No sábado à noite, padre Júlio postou em seu Instagram a imagem que ilustra essa publicação informando que se tratava de Sorocaba. Em minutos haviam mais de 500 visualizações. Em uma hora eram mais de 1 mil. Depois 2 mil e nem sei quantas pessoas viram até agora, manhã de segunda-feira, quando escrevo essa postagem.
O horror da ameaça do cartaz, a pessoa que dormir na marquise do referido bar corre o risco de ser incendiada, dominou os milhares de comentários. Do compartilhamento de minha mulher a postagem de padre Júlio sucederam novos comentários e compartilhamentos, muitos endereçados à vereadora Fernanda Garcia do PSOL e ao ex-deputado estadual Raul Marcelo, afim de que eles tomem providências contra o dono do estabelecimento.

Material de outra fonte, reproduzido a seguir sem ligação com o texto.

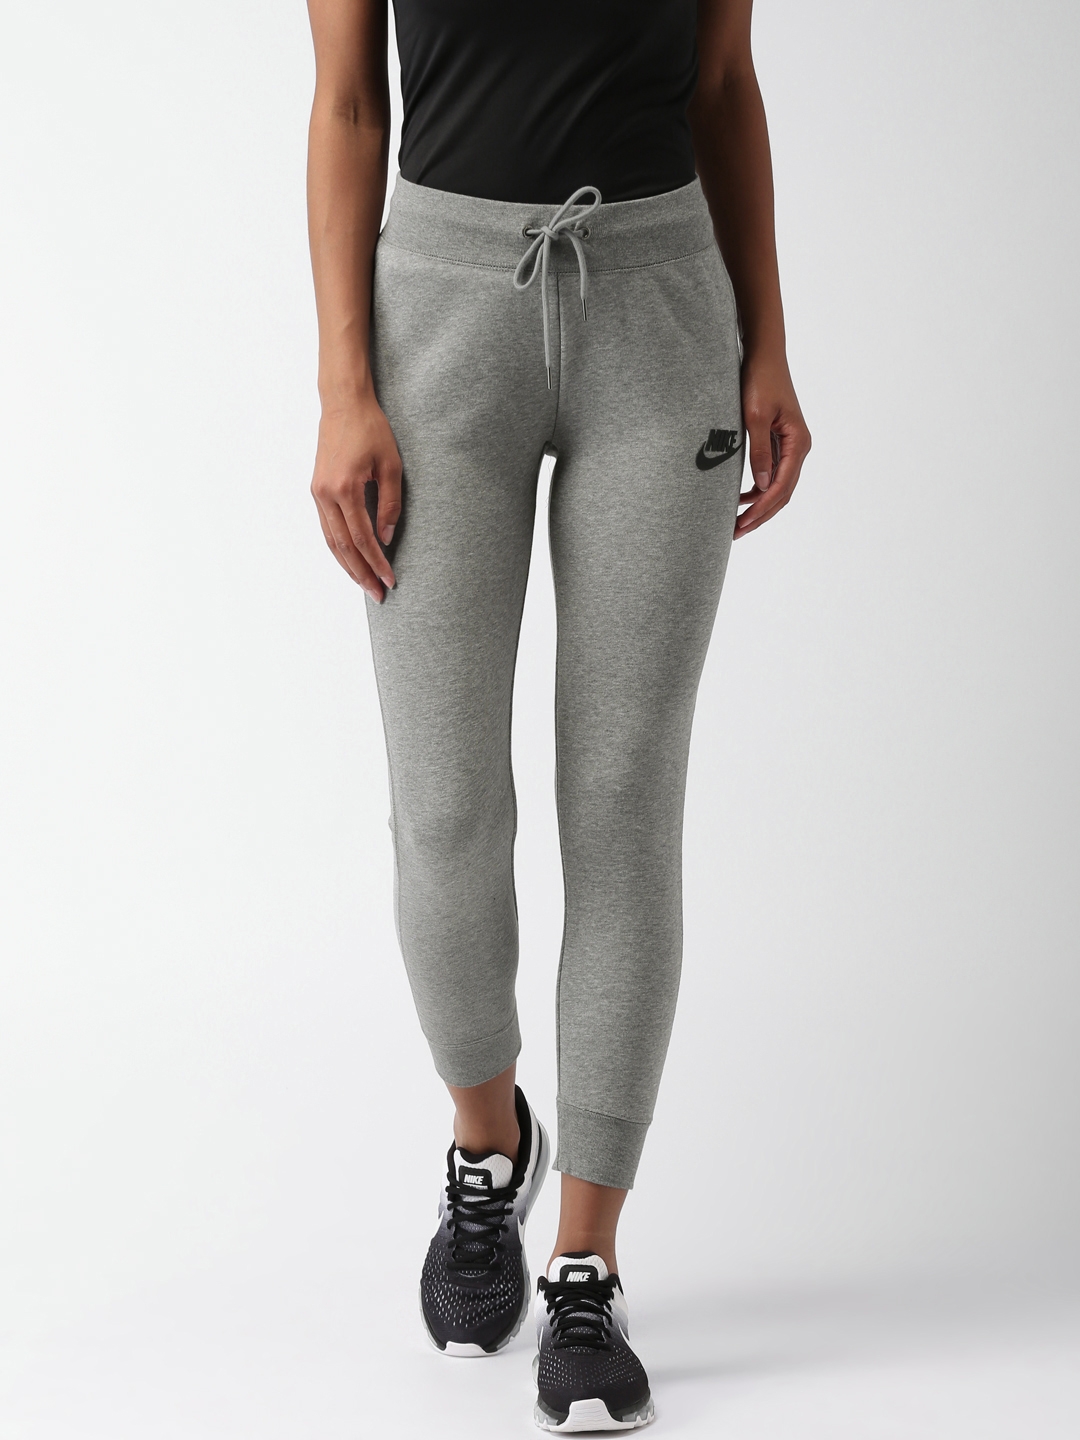 Spodnie Nike Modern Tight Pant - 807356-010 - Opinie

Justo isso tudo! Que os donos de mandato, com assessoria jurídica e dinheiro para acessar o Poder Judiciário, invistam na denúncia do nome do estabelecimento, do seu dono e da ideologia por trás dessa ameaça.

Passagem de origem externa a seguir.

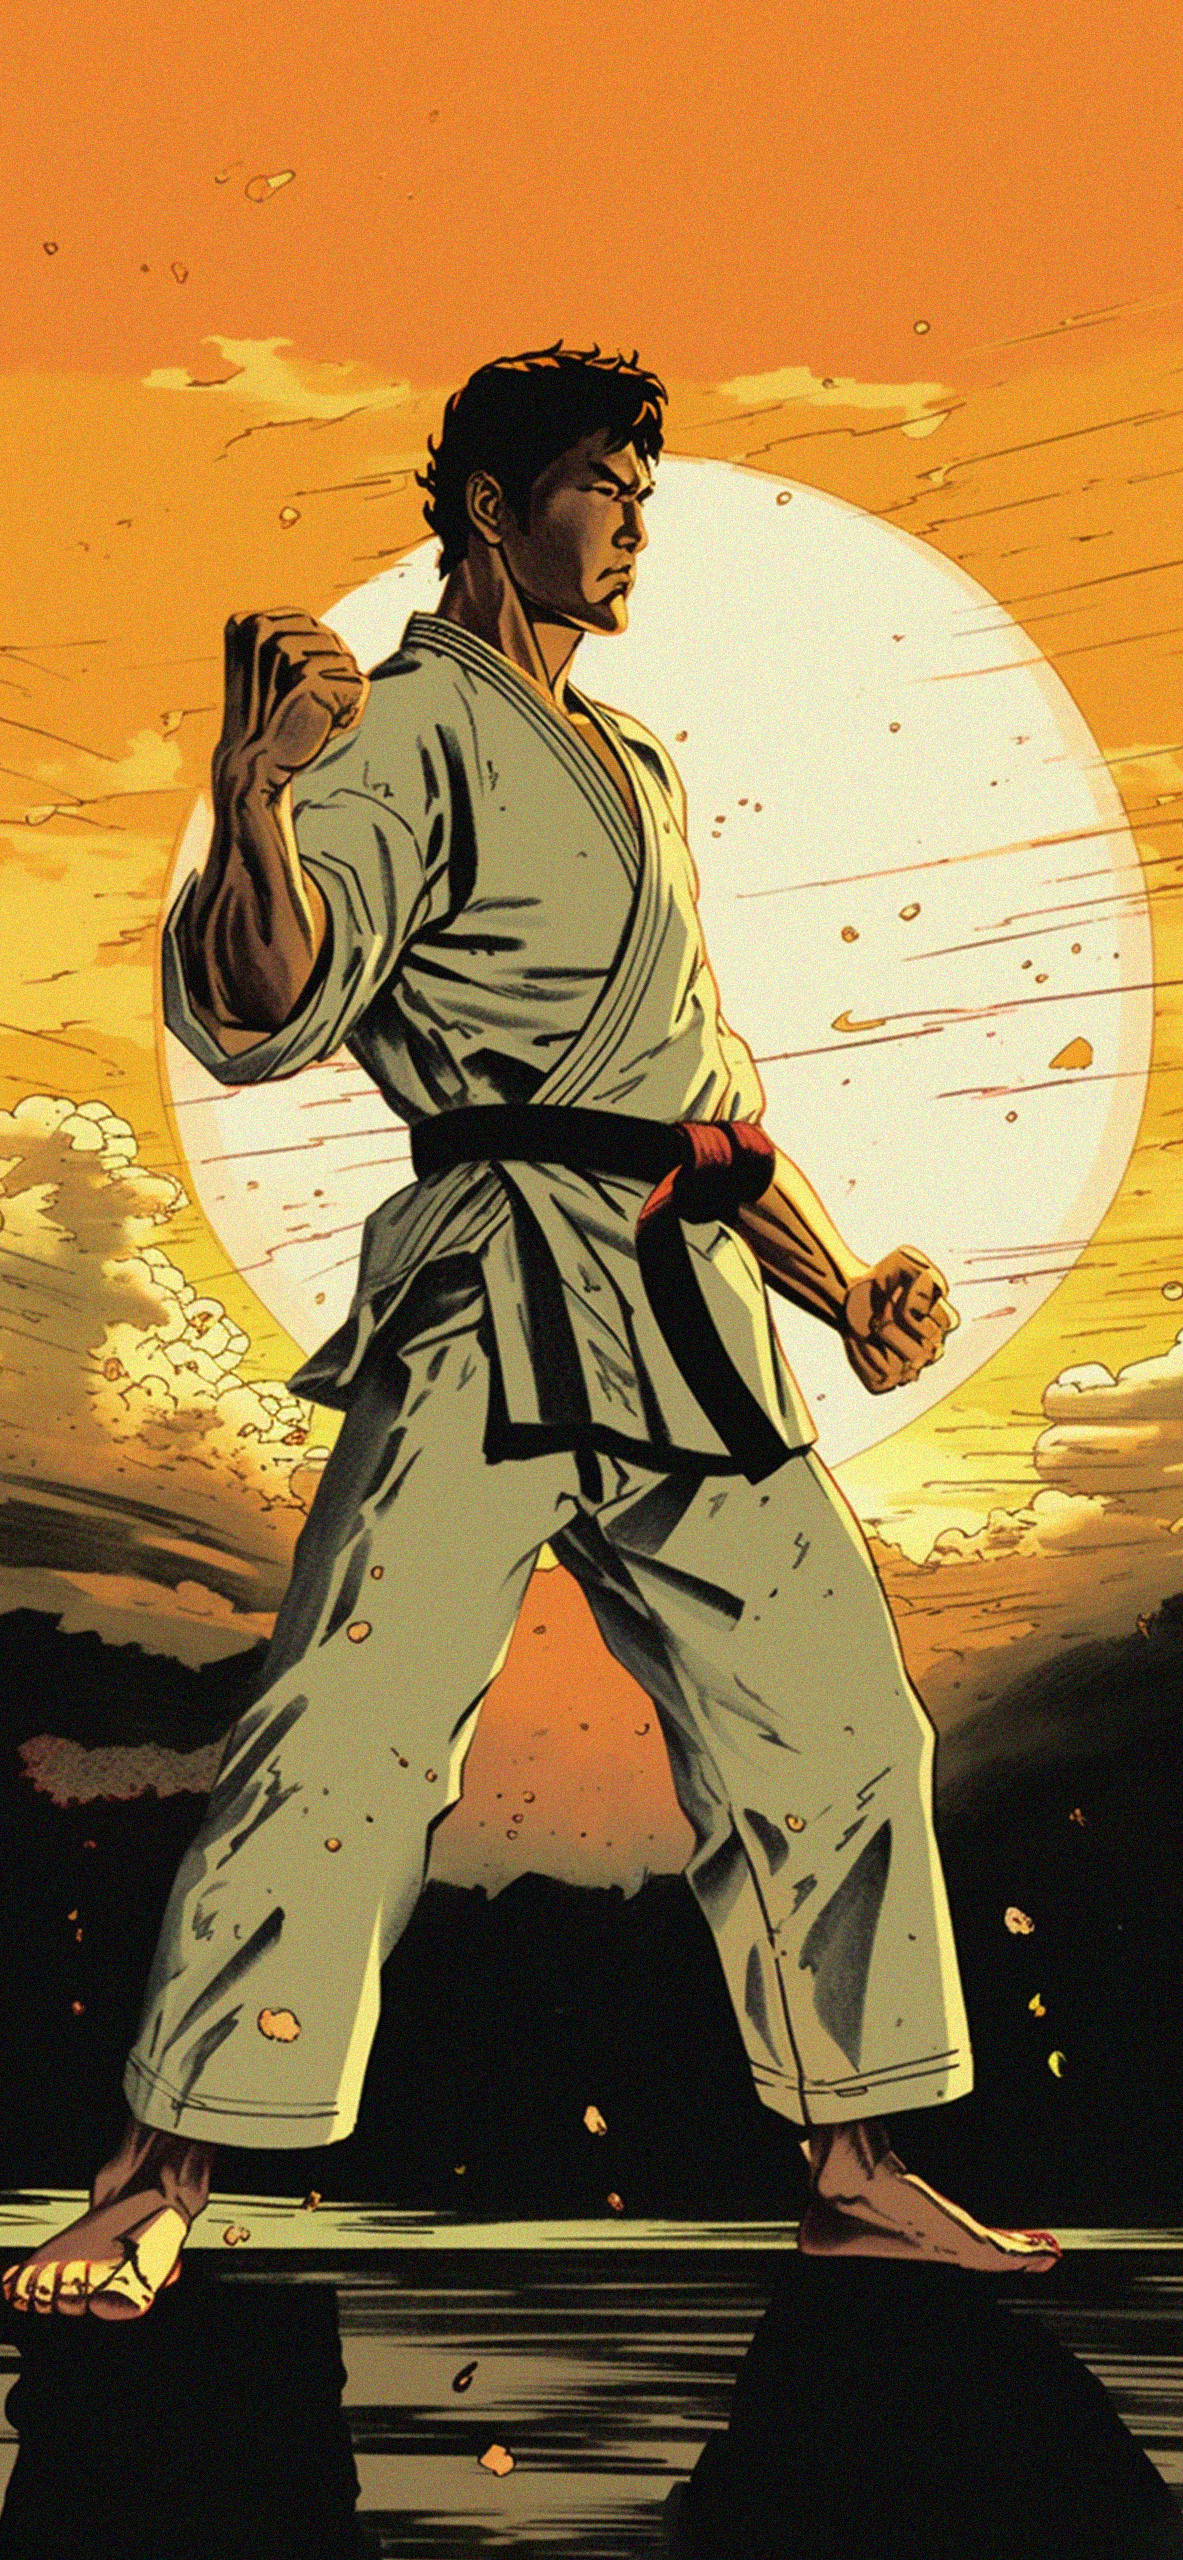 karate sunset art wallpaper

O que não é justo e me incomoda é o teor de muitos dos comentários sobre o referido cartaz. Pessoas que deixaram de lado o horror da ameaça contida nele e centraram sua voz (que é o que eles pensam e, portanto, lhe são mais importante) no fato de ter sido em Sorocaba que este fato (o que mostra o cartaz) existe. Então falaram de sua vergonha de Sorocaba, de que a cidade aparece no noticiário de âmbito nacional apenas com atrocidades como essa, de que foi aqui que Bolsonaro teve sua maior votação (em termos de porcentagem), de que aqui existe o pior tipo de pessoa e por aí vão as manifestações. Uma mulher tentou defender a cidade e foi achincalhada.

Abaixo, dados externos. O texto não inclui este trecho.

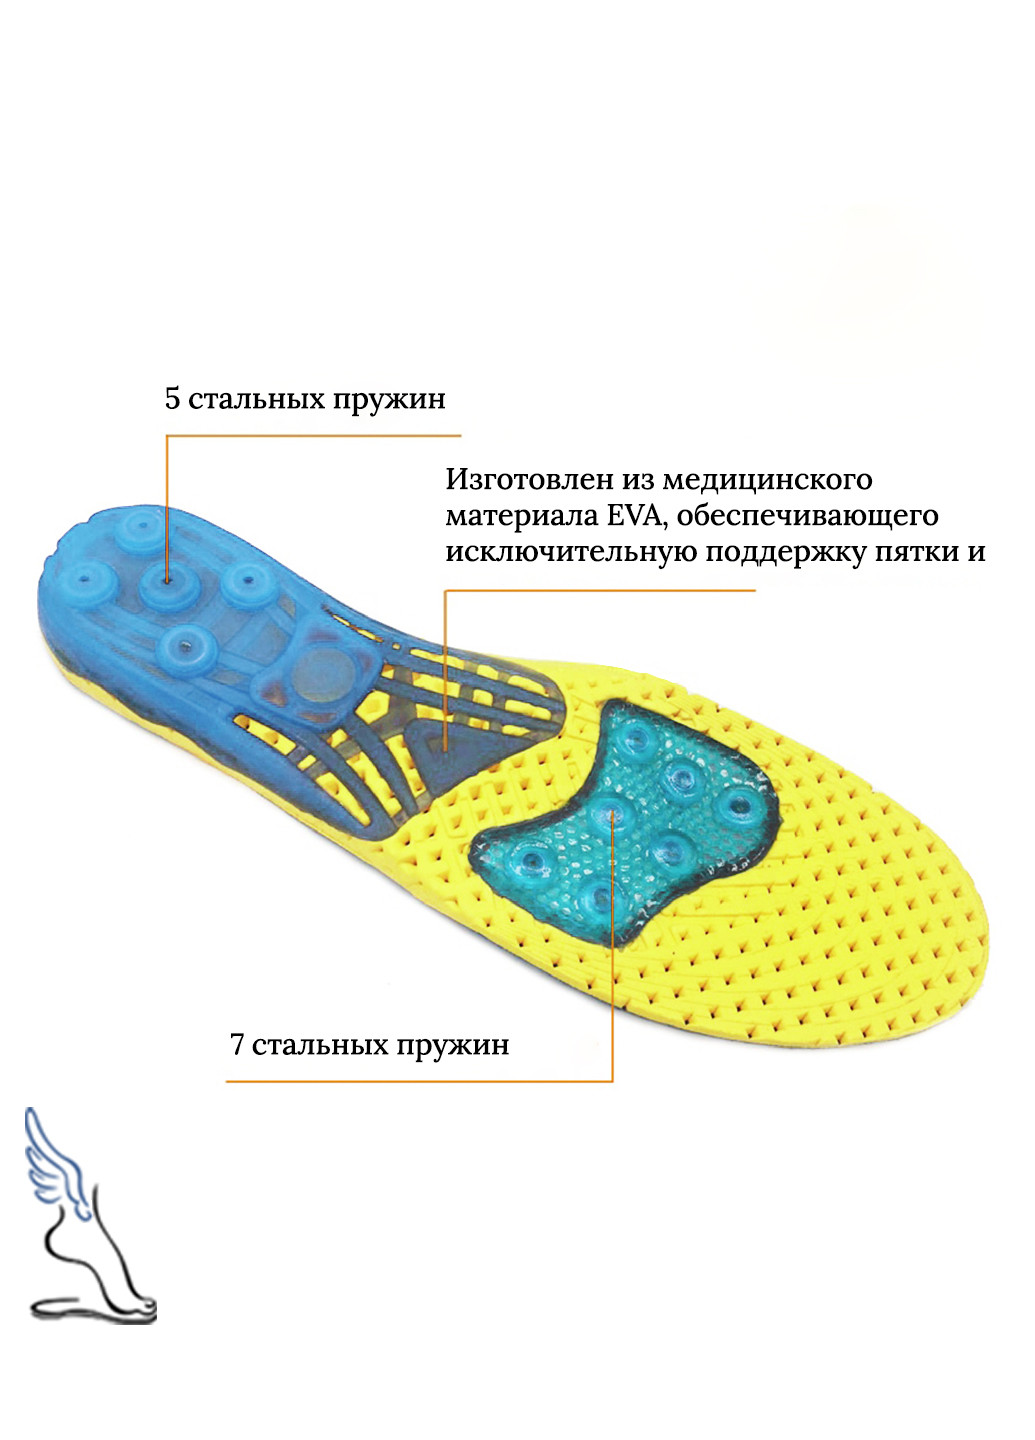 Дихаючі амортизаційні устілки для взуття з каркасною підтримкою стопи для занять спортом 40-43р (26.5-28 см) No Brand (252296275)

Me senti, ao ouvir tais relatos sobre Sorocaba, como imagino que se sinta o cidadão russo porque o presidente do seu país, um crápula, invadiu a Ucrânia, começado uma guerra, e perdido qualquer razão, por esse ato, que pudesse ter para estar em conflito com a Ucrânia. Me senti como imagino que se sinta o russo que vê o mundo cancelando Tolstói, Dostoiévski, Maiakovski… Não há sentido achincalhar os russos porque um imbecil começou uma guerra, assim como não há em achincalhar Sorocaba porque um idiota colocou um cartaz ameaçando colocar fogo num morador de rua.
Como outra cidade qualquer, Sorocaba tem seus defeitos e suas qualidades. Não há defeito que destrua suas qualidades e nem qualidades que façam desaparecer seus defeitos.
Essas confusões (achincalhar Sorocaba e cancelar os autores russos) dizem muito sobre as pessoas e também do nosso tempo.